Uttar Pradesh is one such state where renewable energy growth has been restricted due to multiple issues. However, in recent times, it has seen significant action in terms of policies, tenders and capacity installation. Being a primarily agrarian economy, Uttar Pradesh has a large captive biomass and bagasse generation base. The state has now decided to leverage other forms of renewable energy as well. To this end, the Uttar Pradesh Electricity Regulatory Commission (UPERC) has released a concept note on the amendment to the UPERC (Captive and Renewable Energy Generating Plants) Tariff Regulations, 2014, due to expire on March 31, 2019. The concept note has been released to generate dialogue and solicit feedback from all concerned stakeholders before formalising the amendment. It attempts to create a favourable regulatory scenario for renewable energy development in the state, reflective of the current and future market trends. Through the note, UPERC proposes various approaches for tariff determination. It also tries to address the perceived challenges in the sector.

Key features

  • Control period: Uttar Pradesh’s renewable energy regulations typically have a control period of five years. However, considering the dynamic nature of the sector, UPERC in its concept note has proposed that the control period should be reduced to three years like the Central Electricity Regulatory Commission’s (CERC) current regulations for tariff determination for renewable energy sources. Renewable energy regulations of other states such as Haryana, Himachal Pradesh and Assam also have a three-year control period.
  • Tariff determination: The 2014 regulations provided a preferential tariff to renewable energy projects in order to encourage the uptake of the nascent technology.
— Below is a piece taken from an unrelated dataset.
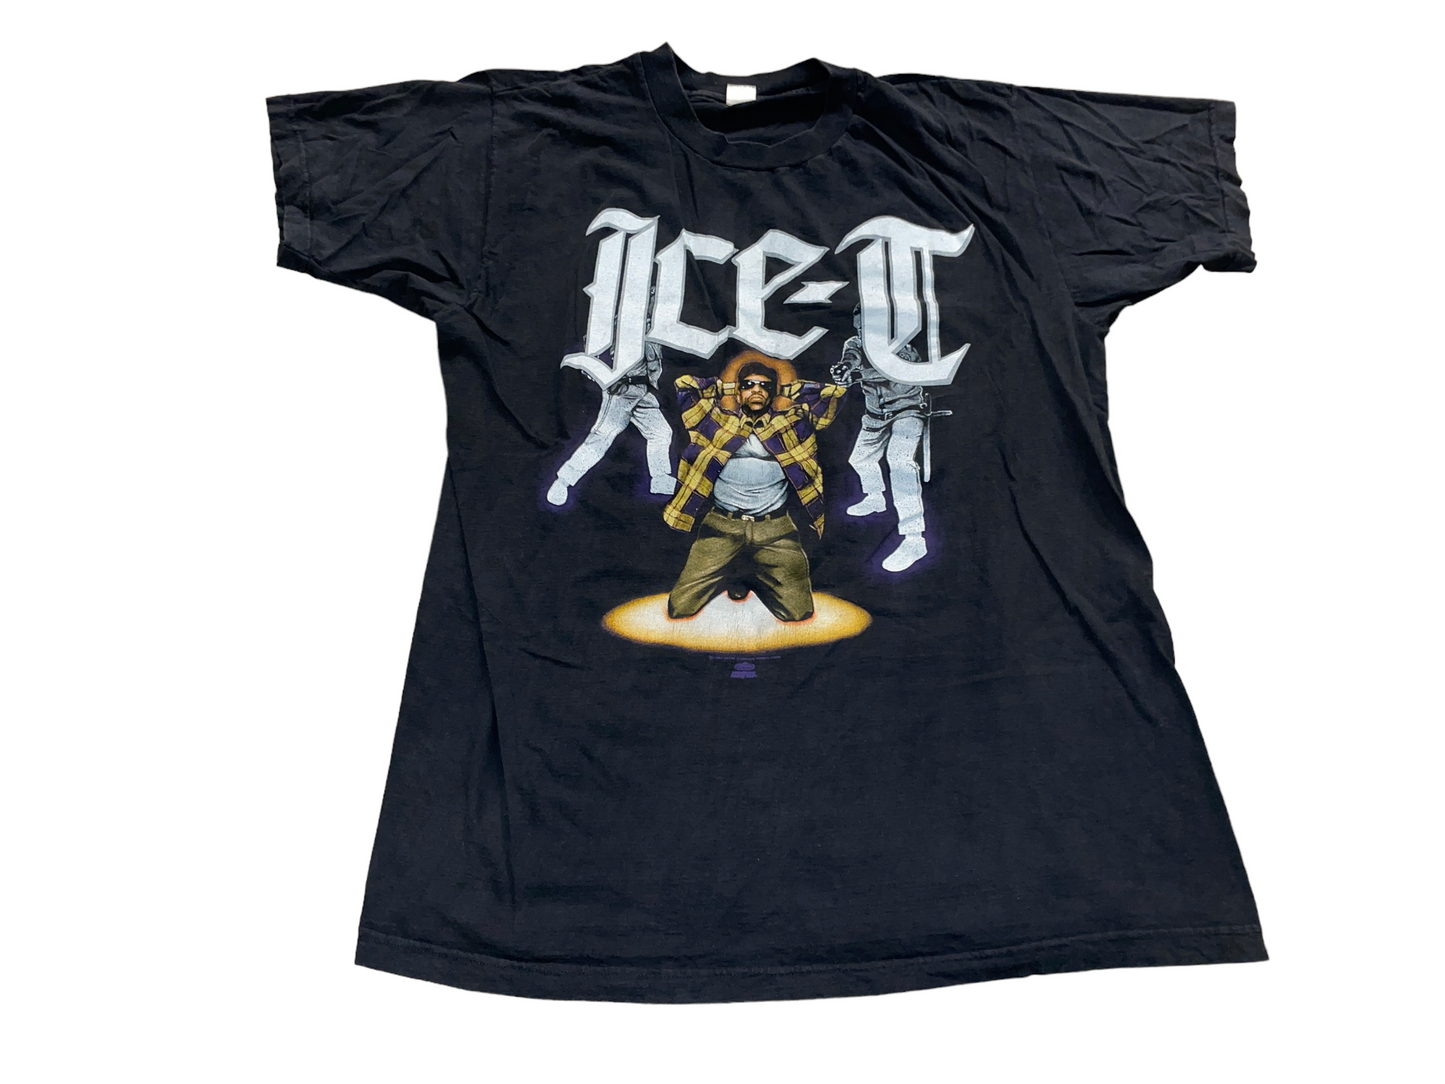 Vintage 1992 Ice-T Shirt

However, over the past two years, technologies such as wind, solar, biomass and bagasse-based cogeneration have matured and their costs have also reduced. This has encouraged discoms to procure renewable energy of all types, except rooftop solar, through the bidding route.

In fact, in 2016, UPERC released an order mandating the future procurement of bagasse-based power only through the competitive bidding route. Discoms have also initiated the procurement of biomass-based power via competitive bidding.

For waste-to-energy (WtE) plants, the commission had released a provision in the tariff policy of 2016. According to this, the state utilities are directed to procure energy produced by WtE plants at a preferential tariff as determined by the commission. Meanwhile, for rooftop solar projects based on gross metering, UPERC released regulations in August 2017, wherein it decided to provide a tariff equivalent to the previous year’s average pooled power purchase cost. For most of the small-hydro power plants, the tariffs were determined through the bidding route.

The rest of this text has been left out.